3D road graph data for each segment
Includes: lane centers, lane boundaries, road boundaries, crosswalks, speed bumps, stop signs, and entrances to driveways

🎯 Challenge Data¶

3D Camera-Only Detection Challenge: 80 segments of 20s camera imagery

🚀 Advanced Features¶

LiDAR features include:

3D point cloud sequences that support 3D object shape reconstruction

Camera features include:

Sequences of camera patches from the most_visible_camera
Projected lidar returns on the corresponding camera
Per-pixel camera rays information
Auto-labeled 2D panoptic segmentation that supports object NeRF reconstruction

The v2.0.1 Parquet version is designed for efficient columnar access and includes:

Component	Folder	Description	Schema Columns
Camera Images	`camera_image/`	RGB frames with pose/velocity metadata	15 columns with binary JPEG/PNG data
Camera Boxes	`camera_box/`	2D bounding boxes in pixel coordinates	12 columns with detection annotations
Camera Calibration	`camera_calibration/`	Intrinsics + extrinsics for all cameras	15 columns with calibration matrices
LiDAR Range Images	`lidar/`	Raw per-LiDAR sensor range images	7 columns with flattened range data
3D Boxes	`lidar_box/`	Ground-truth boxes in Vehicle Frame	21 columns with 3D object state
LiDAR Calibration	`lidar_calibration/`	Beam inclinations and extrinsic transforms	6 columns with sensor parameters
LiDAR Poses	`lidar_pose/`	Per-pixel transforms LiDAR → Vehicle → World	Pose transformation matrices
Segmentation	`lidar_segmentation/`	Point-wise semantic labels	Semantic segmentation masks
Projections	`lidar_camera_projection/`	LiDAR-to-camera pixel mappings	Cross-modal alignment data

2️⃣ File Structure & Contents¶

Each segment is approximately 20 seconds long, split into multiple Parquet files with standardized naming:

segment_id_start_end.parquet
Example: 10017090168044687777_6380_000_6400_000.parquet

Inside each data folder (e.g., training/lidar/), files contain rows corresponding to sensor measurements at specific timestamps.

Parquet Schema Structure¶

All Waymo v2.01 data follows a consistent schema pattern:

Key Fields (Common across all data types):
├── index: Unique row identifier (String)
├── key.segment_context_name: Segment ID (String)  
├── key.frame_timestamp_micros: Timestamp in microseconds (Int64)
└── key.[sensor]_name: Sensor identifier (Int8)

Component Fields:
└── [ComponentType].[field_hierarchy]: Actual data values
    ├── Scalar values: Direct numeric/string data
    ├── List values: Arrays (e.g., transformation matrices)
    └── Nested structures: Complex hierarchical data

Note: The [ComponentType] follows the pattern [SensorType]Component (e.g., CameraImageComponent, LiDARBoxComponent). See the inspector code for detailed field analysis of each component type.

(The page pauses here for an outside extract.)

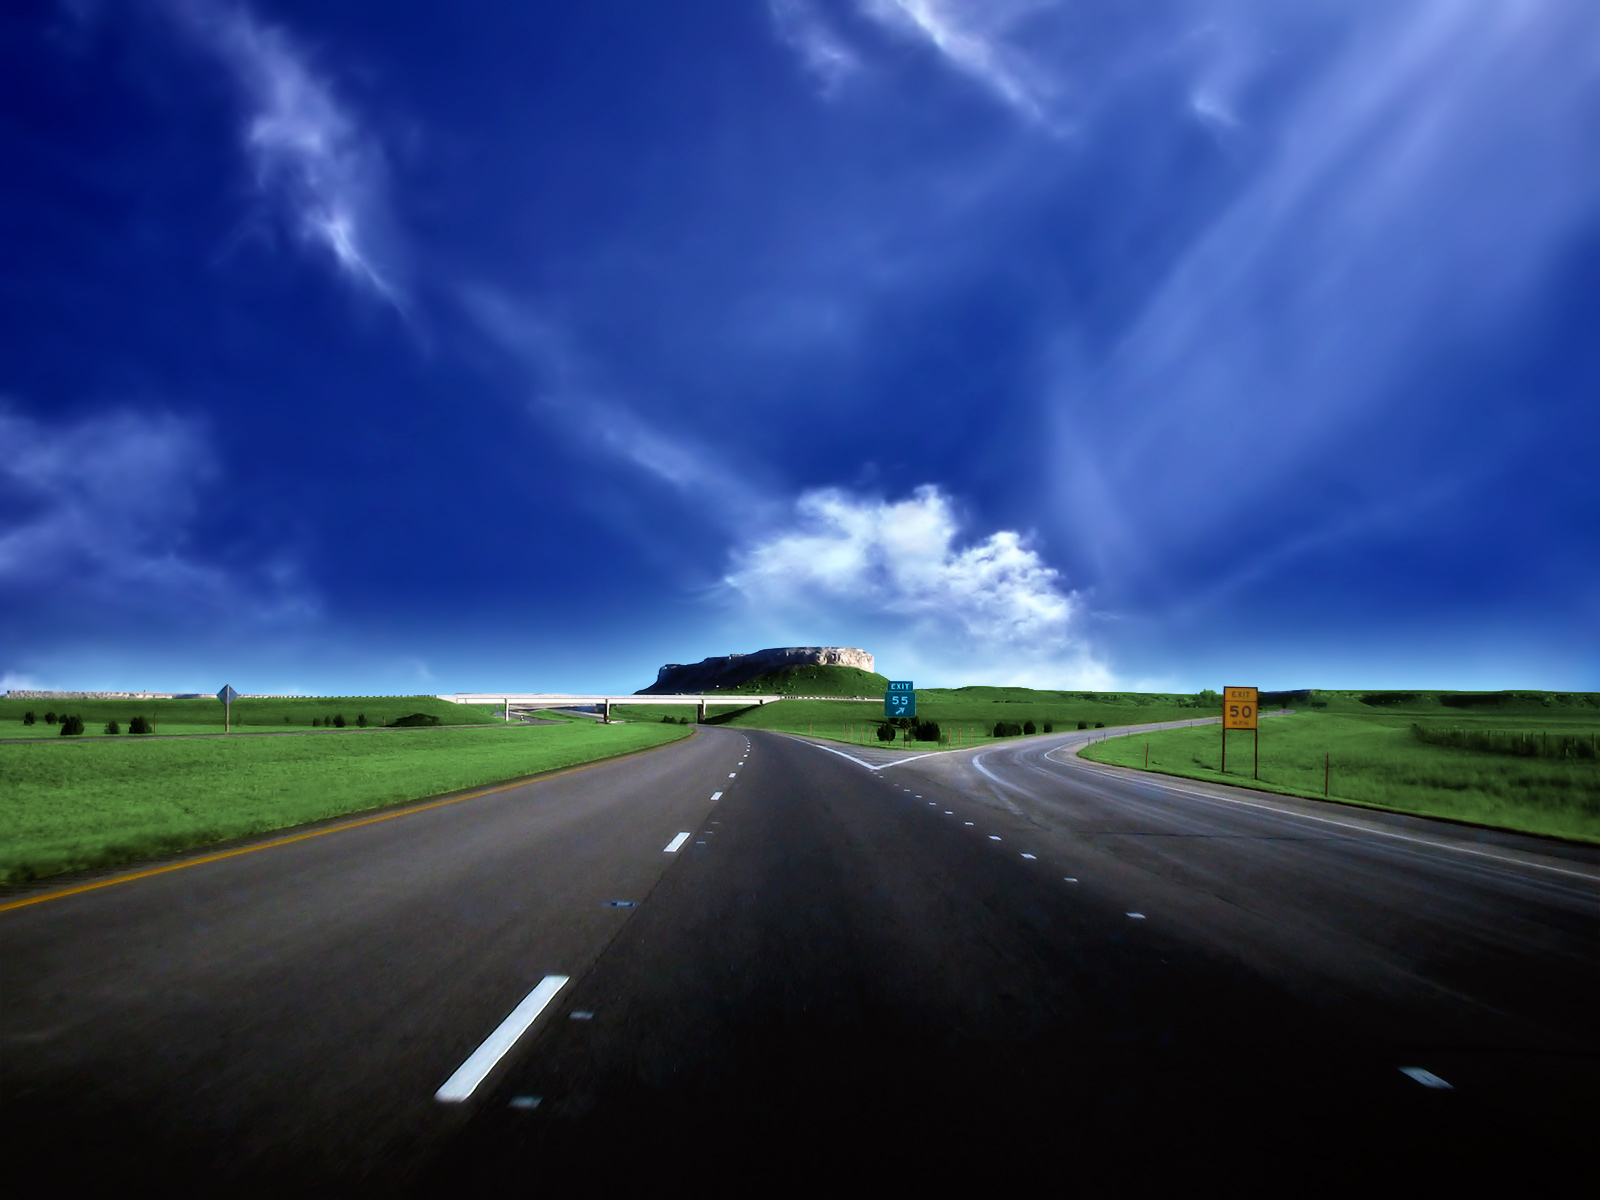 http://1.bp.blogspot.com/-R82b5--qey0/TmcH1WwKTyI/AAAAAAAACJo/YBEpSpuXchA/s1600/travel_0001.jpg

LiDAR IDs (v2.1 five-sensor setup):

ID	Location	Yaw (deg)	Position (m)
1	Roof edge / back-right	+148°	[1.43, 0.0, 2.18]
2	Front bumper	0°	[4.07, 0.0, 0.69]
3	Left side	+90°	[3.25, +1.02, 0.98]
4	Right side	−90°	[3.25, −1.02, 0.98]
5	Rear	180°	[−1.15, 0.0, 0.46]

⚠️ v2.1 no longer includes the 360° Top LiDAR used in early WOD versions.

3️⃣ Coordinate Frames¶

Understanding coordinate systems is the foundation for correct visualization and data alignment.

Vehicle Frame (Primary Reference Frame)¶

Origin: Vehicle center (geometric center of the ego vehicle)
Axes:
- +X: Forward direction (vehicle’s front)
- +Y: Left direction (driver’s left)
- +Z: Upward direction (towards sky)
Usage: All 3D bounding boxes and calibration extrinsics are defined in this frame
Mathematical Representation: Right-handed coordinate system

\[\begin{split}\mathbf{p}_{\text{vehicle}} = \begin{bmatrix} x \\ y \\ z \end{bmatrix} \text{ where } \begin{cases} x > 0 & \text{forward} \\ y > 0 & \text{left} \\ z > 0 & \text{up} \end{cases}\end{split}\]

LiDAR Frame (Sensor-Specific)¶

Origin: Individual LiDAR sensor center
Axes: Same orientation as vehicle frame but translated/rotated
- +X: Sensor’s forward direction
- +Y: Sensor’s left direction
- +Z: Sensor’s upward direction
Usage: Raw range image data is initially in this frame
Transform: Each LiDAR has a unique extrinsic transformation to vehicle frame

Camera Frame (OpenCV Convention)¶

Origin: Camera optical center
Axes:
- +X: Right direction (image columns)
- +Y: Down direction (image rows)
- +Z: Forward direction (optical axis, into the scene)
Usage: Camera images and 2D bounding boxes
Projection: 3D points project to 2D image coordinates via intrinsic matrix

\[\begin{split}\begin{bmatrix} u \\ v \\ 1 \end{bmatrix} = \mathbf{K} \begin{bmatrix} X_c/Z_c \\ Y_c/Z_c \\ 1 \end{bmatrix}\end{split}\]

where $\mathbf{K}$ is the camera intrinsic matrix and $(X_c, Y_c, Z_c)$ are coordinates in camera frame.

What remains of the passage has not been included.